Brown University News Bureau

The Brown University News Bureau

1996-1997 index

Distributed October 7, 1996
Contact: Richard Morin

One of a kind

David Pingree reconstructs the history of mathematics

David Pingree, professor of the history of mathematics at Brown University, heads the only history of mathematics department in the world.

PROVIDENCE, R.I. -- University Professor David Pingree is as much an anomaly in academia as is his department, the history of mathematics. It is not just the smallest department at Brown, it is also the only history of mathematics department in the world.

"Mathematicians don't do history, and historians don't do math," said Kim Plofker, a visiting lecturer in the history of mathematics department. "The history of mathematics is a woefully understudied field. It falls between the cracks of academia."

The history of mathematics department at Brown has been conducting ground-breaking research for almost five decades. But it might be safe to say that without Pingree the department might not exist. Currently, he is its only full professor. Plofker is its only other faculty member. Three graduate students, who came to Brown to study with Pingree, complete the department. It does not offer an undergraduate concentration.

Because its normal quarters are being renovated, the department is housed temporarily in an aging gymnasium, giving Pingree an office the size of a basketball court. He estimates that between the full-court backboards there are some 20,000 books and manuscripts about the mathematics of Greece, Rome, Mesopotamia, the Near East and India. There is no card catalog; it's his personal library.

Pingree's extraordinary collection of Sanskrit, the classical language of India, is considered by many to be the best in world. For decades, scholars worldwide have come to Brown to study with Pingree and use his collection.

Pingree has devoted his life's work to understanding the transmission of exact sciences - mathematics, astronomy and astrology - from the cultures of ancient Mesopotamia through Renaissance Europe, and the ways in which the recipient culture may alter the ideas in order to render them accessible. "Each time there is a transmission there is a transformation," said Pingree, a past recipient of a MacArthur Fellowship. "It is only in modern times that Western science is transmitted without being changed."

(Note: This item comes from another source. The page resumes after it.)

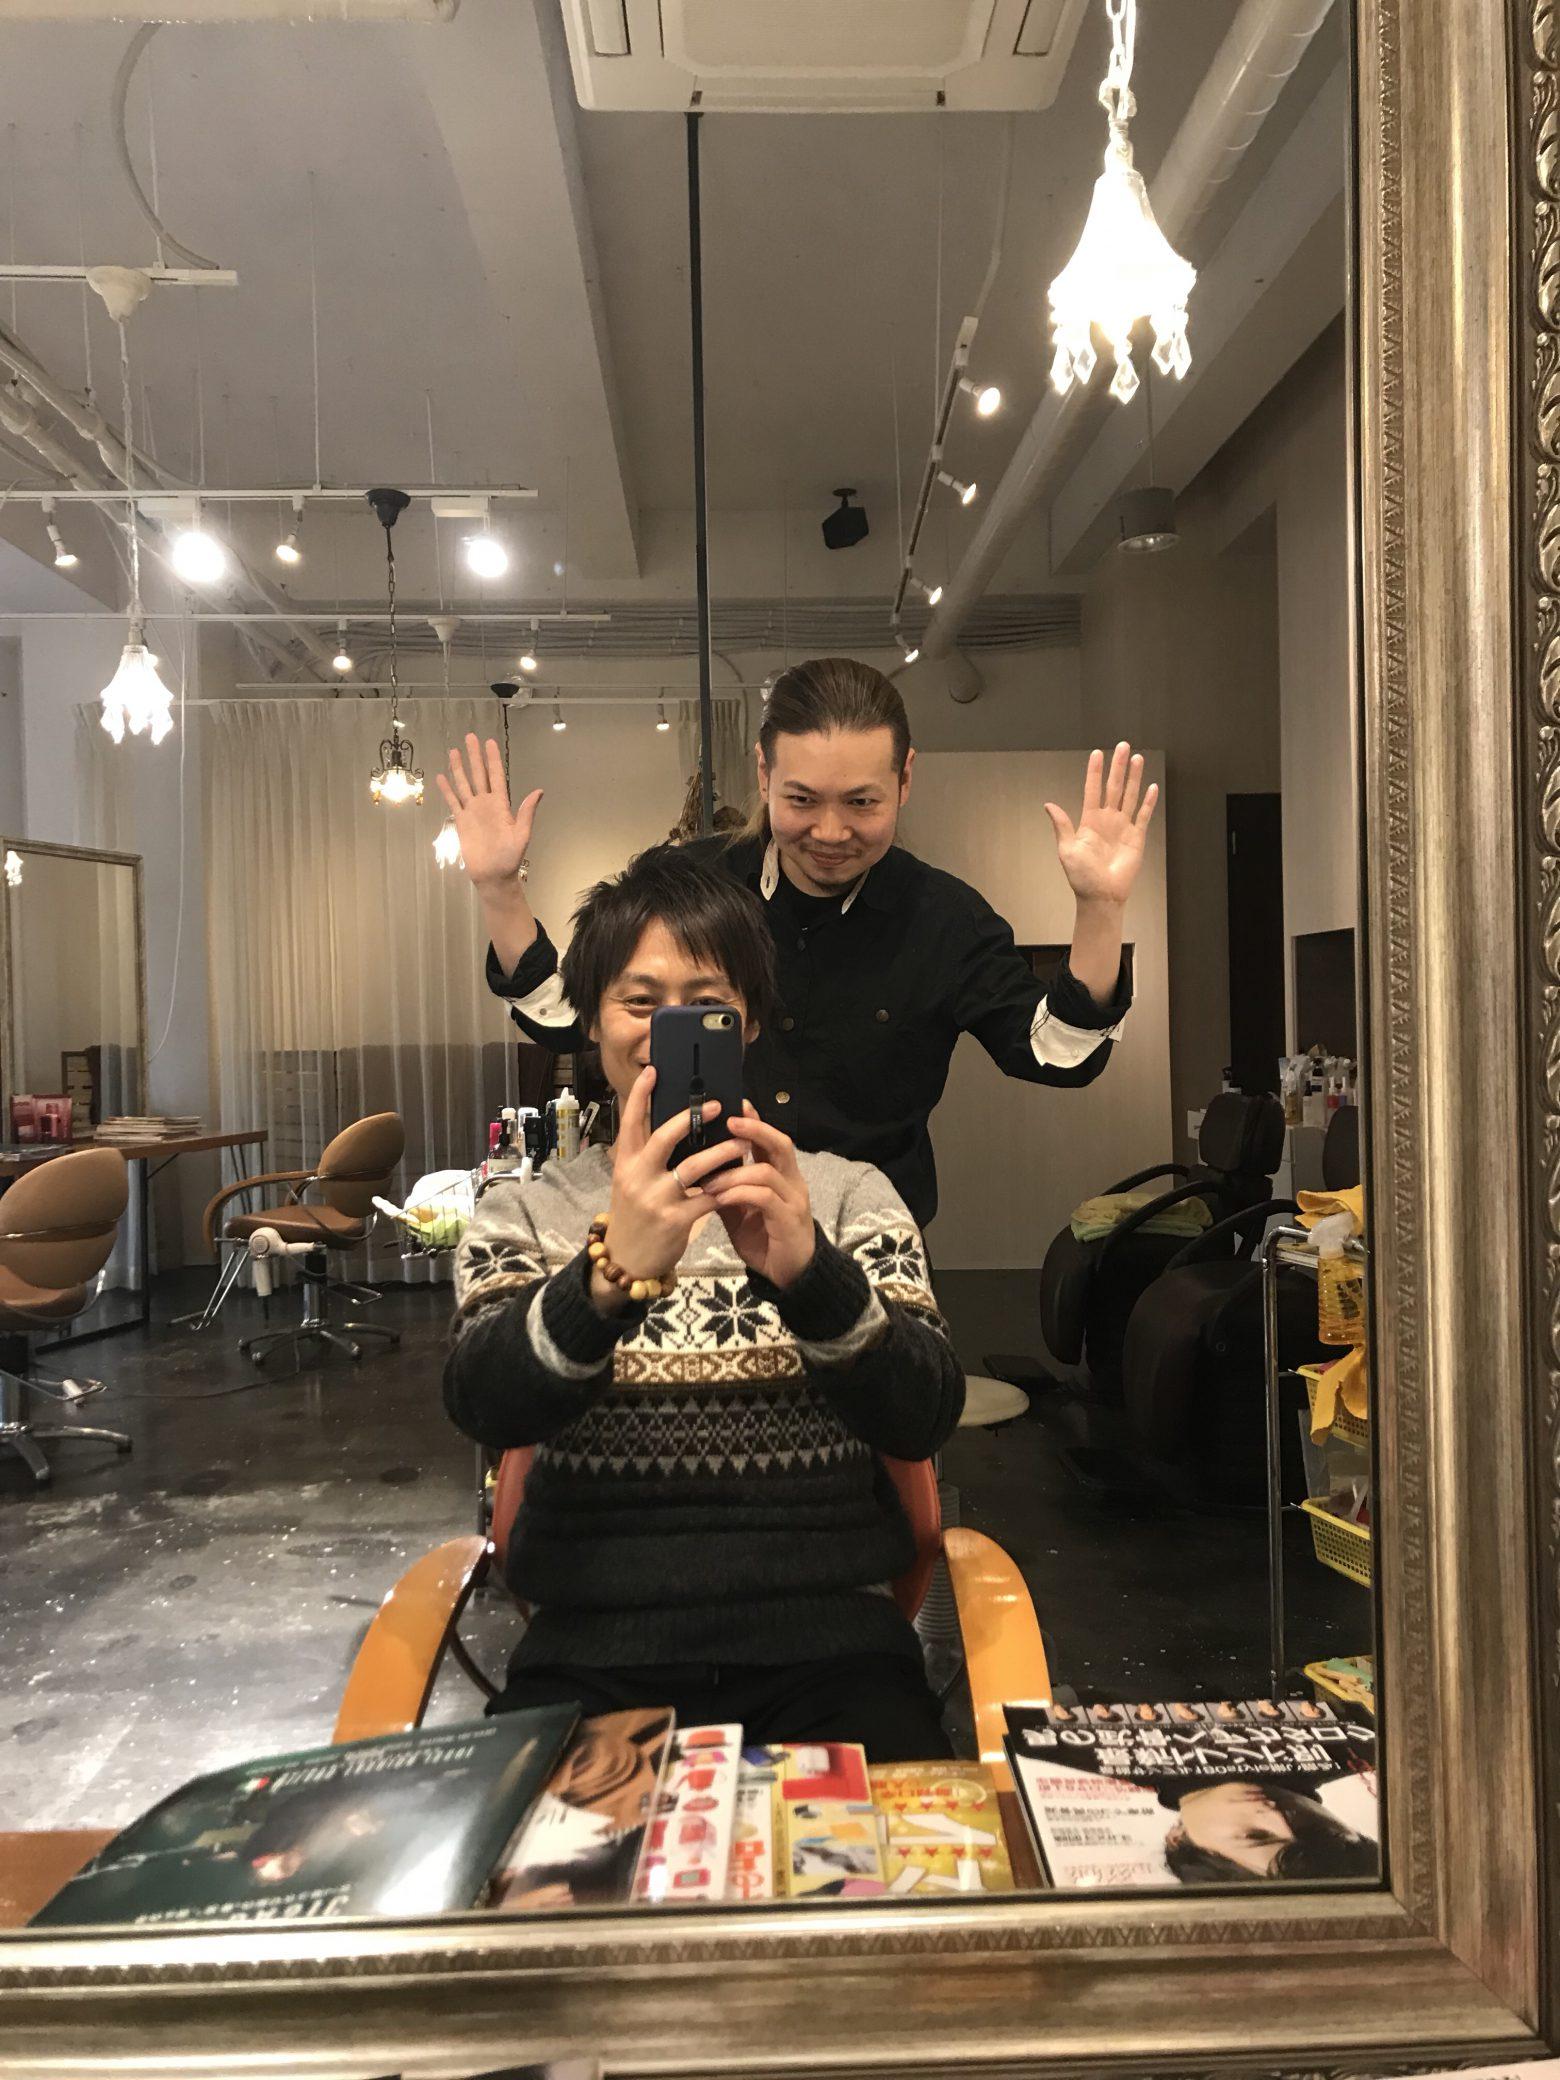 熊本活動。美容師としてとサッカー人として。熊本の素敵な美容師さんとも!

To achieve his research ends, Pingree must employ a number of skills. He is part linguist, historian, mathematician, anthropologist and often sleuth. "Professor Pingree is a world renowned Classicist, Sanskritist, Assyriologist and Arabist all rolled into one," said Plofker, who earned her Ph.D. at Brown under Pingree.

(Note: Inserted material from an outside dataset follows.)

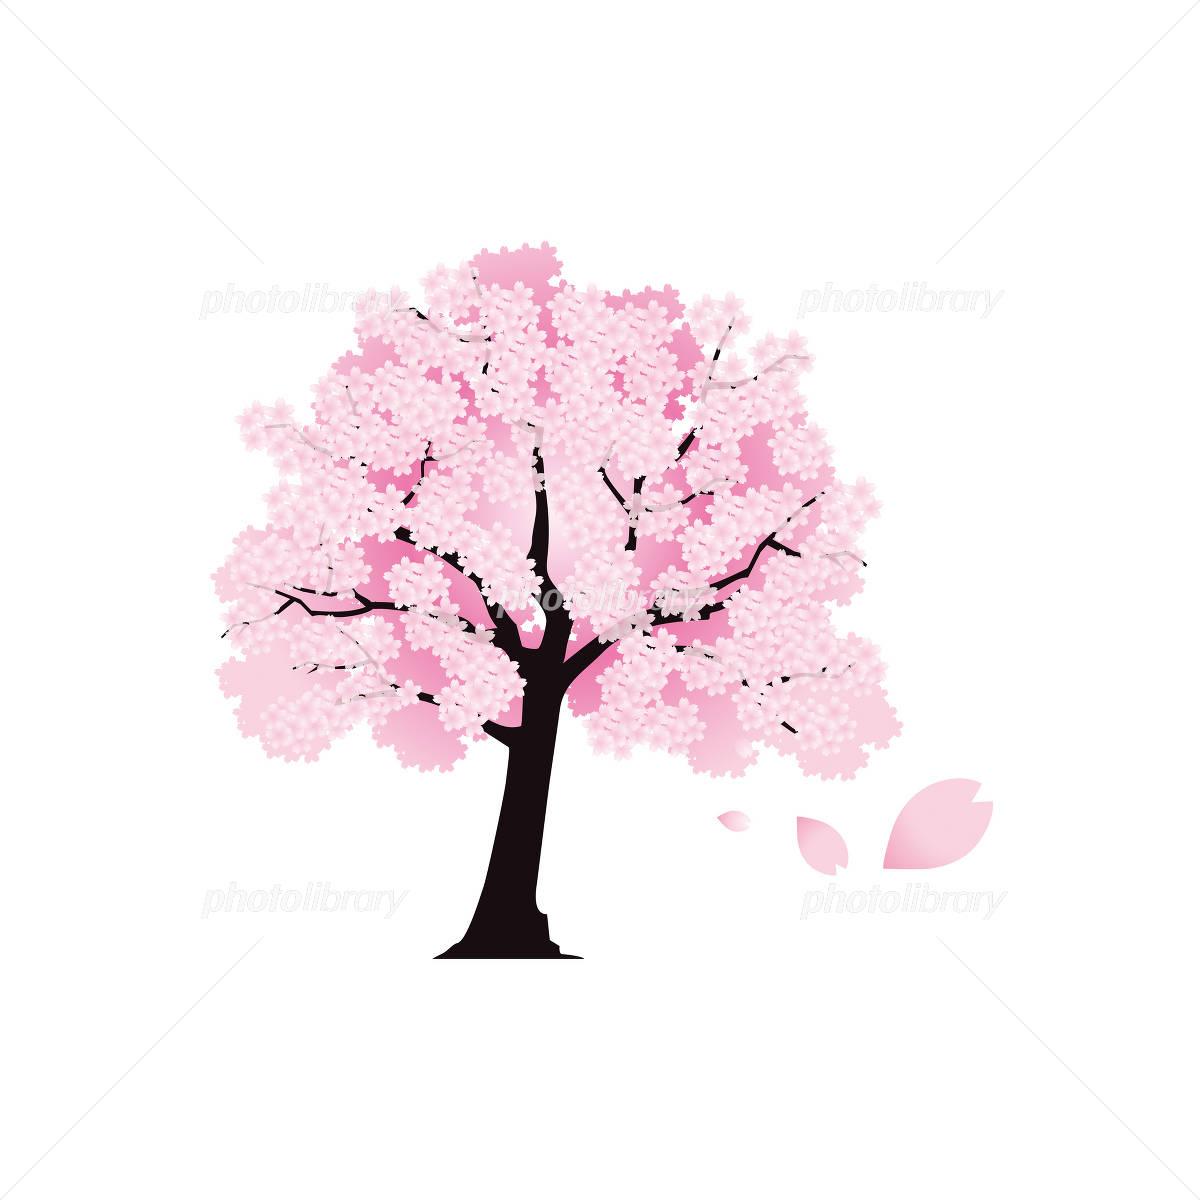 桜の木の絵 イラスト素材 953935 フォトライブラリー Photolibrary

Pingree has used surviving records of a later period and culture to reconstruct the sciences of an earlier one. For example, he used Greek astrology to clarify earlier Babylonian omen texts; 8th- and 9th-century Arabic texts to reconstruct 5th-century Sassanian (Persian) astronomy and astrology; and Byzantine Greek astronomical tables to reconstruct their Arabic and Persian sources. His work has taken Pingree throughout the world in search of primary sources. He estimates that in India alone there are 30 million Sanskrit manuscripts. "There is an enormous mass of unpublished materials out there," he said. The difficulty is that many institutions don't know what they have in their possession.

For example, Pingree said, the Bodleian Library at Oxford University once received a collection of Sanskrit astrological texts from a Jewish refugee who had fled Nazi Germany during World War II. Since the Bodleian's Orientalists were all working to crack Adolph Hitler's codes, the collection was put in the stacks. It wasn't until 1986 that the collection was discovered among the Library's possessions. "They decided to sweep the floor, something they apparently hadn't done in a long time, and they found the collection," he said. Pingree was soon off to England to catalog the collection. "We sat on the floor piecing it all together," he said. "It was absolutely astonishing."

To help ensure that North America's collections of South Asian manuscripts are properly protected, Pingree is leading a group of two dozen scholars in cataloging, digitizing and putting the 35,000 or so known texts onto microfilm. He estimates the project will take 15 to 20 years. "I've wanted to do something to save the manuscripts for decades," he said. "Now we are doing it."

At age 73, Pingree has no desire to slow down. He has nearly a dozen books and translations in progress. "There is too much I want to share with people," he said.

History of Mathematics Department at Brown

The history of mathematics department was founded at Brown in 1947. It was first headed by Otto Neugebauer, who was recognized as the world's leading historian of Egyptian, Mesopotamian and Greek mathematics. During the 1950s and 1960s, the members of the department devoted themselves to fundamental research into tablets, papyri and manuscripts that detailed the ancient mathematical sciences. The research produced several landmark texts. The 1970s were the departments most prosperous times with four professors at work on the mysteries of ancient mathematics. Pingree was recruited to Brown by Neugebauer. He arrived on College Hill in 1971, and became chairman of the department in 1986.